Question

An integer $m$ is said to be related to another integer $n$ if $m$ is a multiple of $n$. Then find the type of relation.
A. Reflexive and symmetric
B. Reflexive and transitive
C. Symmetric and transitive
D. Equivalence relation

Answer 1

Hint: First we will assume a relation $R$ that is defined by an integer $m$ is said to be related to another integer $n$ if $m$ is a multiple of $n$. Then we will check whether it satisfies the reflexive property, symmetric property, and transitive property.

Formula Used:
Equivalent Relation:
If $\left( {x,x} \right) \in R$ then $R$ is reflexive.
If $\left( {x,y} \right) \in R$ and $\left( {y,x} \right) \in R$ then $R$ is symmetric.
If $\left( {x,y} \right) \in R$ and $\left( {y,z} \right) \in R$ implies $\left( {x,z} \right) \in R$, then $R$ is transitive.
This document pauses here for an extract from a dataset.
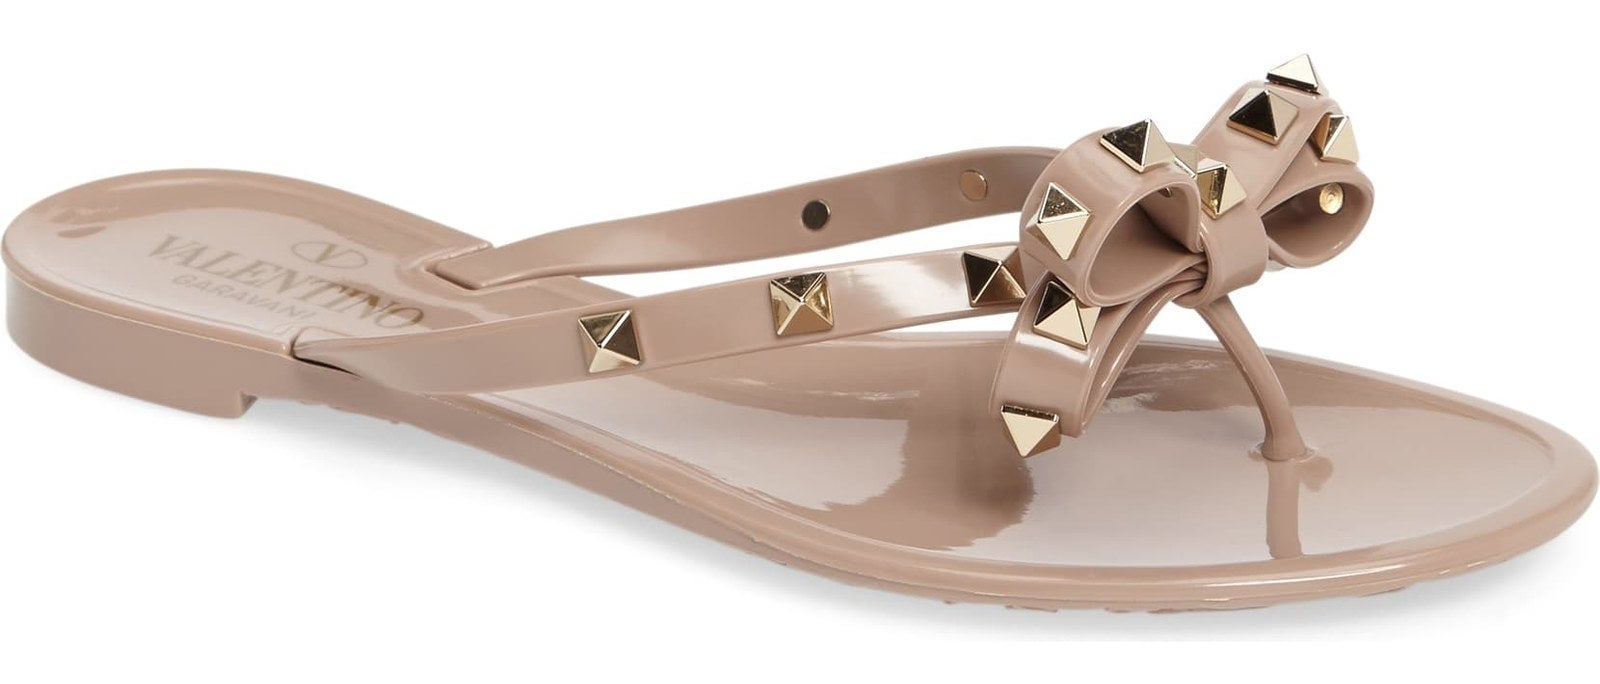 99 Of The Best Sandals You Can Get Online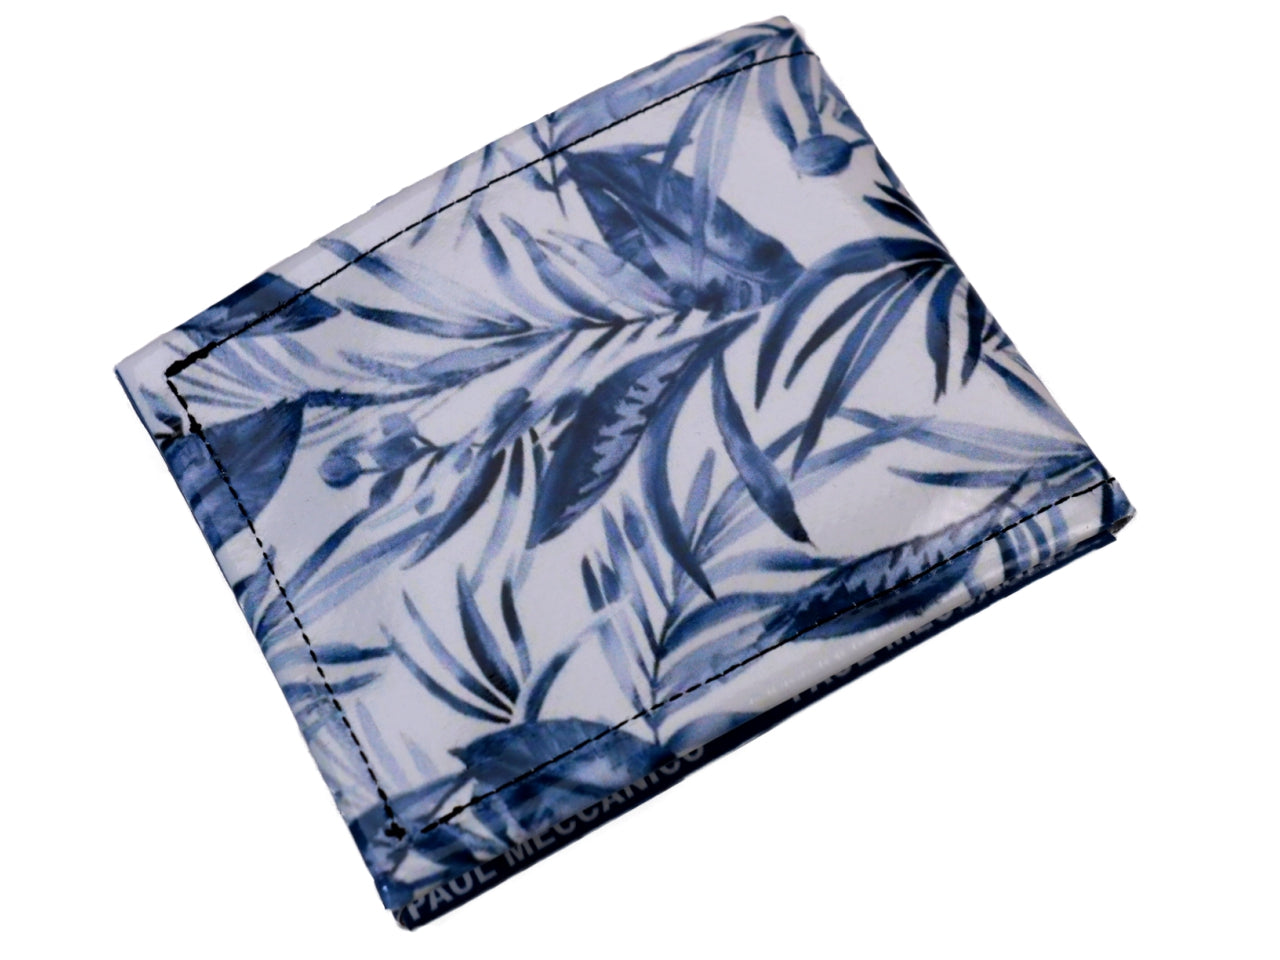 MEN'S WALLET BLUE AND WHITE WITH FLORAL FANTASY. MODEL CRIK MADE OF LORRY TARPAULIN. - Limited Edition Paul Meccanico

Complete step by step solution
Given that, an integer $m$ is said to be related to another integer $n$ if $m$ is a multiple of $n$. This means $n$ divisible by $m$.
We know that a number is divisible by itself.
Let $m$ be a number. Then $m$ is divisible by $m$.
Thus, $\left( {m,m} \right) \in R$. Hence the relation is reflexive.

Let $m$ and $n$ be two numbers and $\left( {m,n} \right) \in R$. Since $\left( {m,n} \right) \in R$, so $m$ is divisible by $n$.
Therefore, $\dfrac{m}{n} = k$ where $k$ is an integer.
$ \Rightarrow \dfrac{n}{m} = \dfrac{1}{k}$, but $\dfrac{1}{k}$ is not an integer.
Thus, $n$ is not divisible by $m$. So, $\left( {n,m} \right) \notin R$.
Hence $R$ is not symmetric.

Let $m$, $n$, and $p$ be two numbers and $\left( {m,n} \right) \in R$ and $\left( {n,p} \right) \in R$.
Since $\left( {m,n} \right) \in R$, so $m$ is divisible by $n$. This implies $\dfrac{m}{n} = {k_1}$ where ${k_1}$ is an integer.
Since $\left( {n,p} \right) \in R$, so $n$ is divisible by $p$. This implies $\dfrac{n}{p} = {k_2}$ where ${k_2}$ is an integer.
Multiply $\dfrac{m}{n} = {k_1}$ and $\dfrac{n}{p} = {k_2}$
$\dfrac{m}{n} \cdot \dfrac{n}{p} = {k_1} \cdot {k_2}$
$ \Rightarrow \dfrac{m}{p} = {k_1}{k_2}$
Since ${k_1}{k_2}$ is an integer. So $m$ is divisible by $p$. This implies $\left( {m,p} \right) \in R$.
Hence $R$ is transitive.

Option ‘C’ is correct

Note: Whenever you get this type of question the key concept of solving is you have first knowledge of all the relations like reflexive, symmetric, and transitive. A relation is equivalent if and only if the relation is reflexive, symmetric, and transitive. Since the relation is not symmetric, the relation never is an equivalence relation.